Model learns nothing with mixed precision training

jbohnslav · August 19, 2020, 11:51pm

I am currently using PyTorch for self-supervised optic flow training. The new AMP package is very appealing, as it the model runs faster and can use a larger batch size when using FP16 activations. However, I’ve found that the model does not learn anything.

Here is an ugly image, with FP32 on the left and mixed precision on the right. I used identical hyperparameters, and ran for longer than necessary to prove the point.

The relevant code was taken straight from the amp example page.

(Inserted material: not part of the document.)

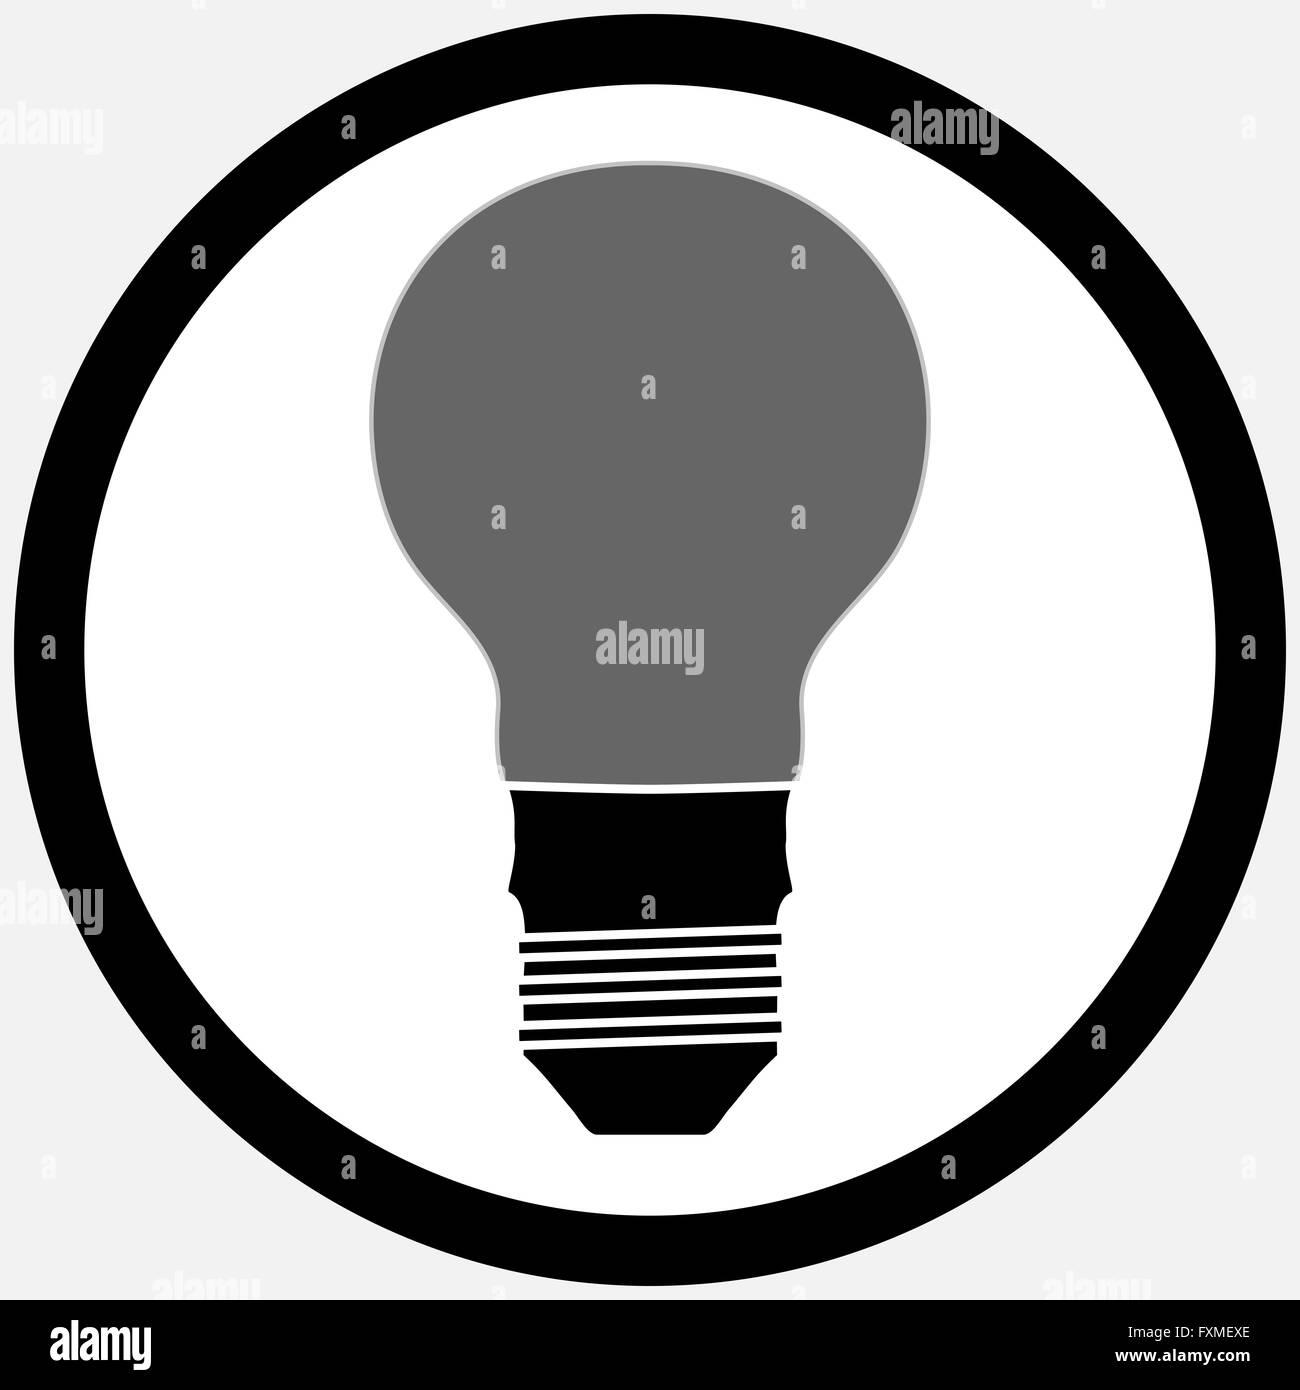 Großartig Lampe Schematische Symbol Bilder - Verdrahtungsideen ...
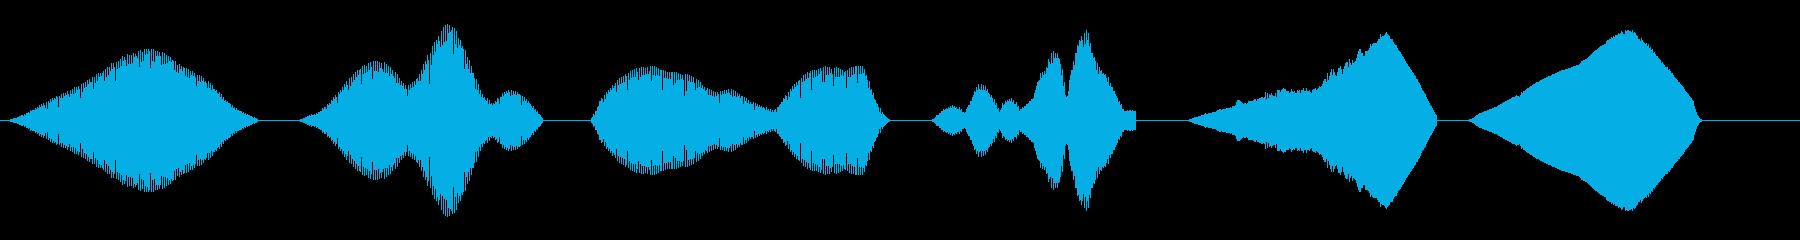 SWEEP、FREQ、CHOP、S...の再生済みの波形

Here is the relevant portion copied:

if fp16:
    with autocast():
        outputs = model(batch)
        downsampled_t0, estimated_t0, flows_reshaped = reconstructor(batch, outputs)
        loss, loss_components = criterion(batch, downsampled_t0, estimated_t0, flows_reshaped)
else:
    outputs = model(batch)
    downsampled_t0, estimated_t0, flows_reshaped = reconstructor(batch, outputs)
    loss, loss_components = criterion(batch, downsampled_t0, estimated_t0, flows_reshaped)

# zero the parameter gradients
optimizer.zero_grad()
# calculate gradients
if fp16:
    scaler.scale(loss).backward()
    scaler.step(optimizer)
    scaler.update()
else:
    loss.backward()
    # step in direction of gradients according to optimizer
    optimizer.step()

Things that could be causing the issue

Using a multi-part loss function. I have multiple image reconstruction losses and a smoothness loss, common in optic flow tasks. The AMP page tells us to scale components of our loss function individually. However, this seems to make little sense to me. The relevant portions of my loss function have been carefully scaled by prior work and my own work, so scaling them individually seems like it would ruin that. Furthermore, having a backwards pass for each component of my loss function would take much longer.
Spatial transformer networks. I sample from the image at time t+1 to estimate the image at time t using torch.nn.functional.grid_sample. Does this operation not work with mixed precision training?
Just a bug in torch somewhere (I can open a GitHub issue if so)

Debug info:

pytorch version: 1.7.0a0+eb47940
cuda: 11

ptrblck · August 22, 2020, 4:47am

The GradScaler will scale the loss to increase the magnitude of the gradients and will unscale it using the same scaling factor. Your manual scaling won’t be changed, so I would recommend to try it out and check, if it solves the issue.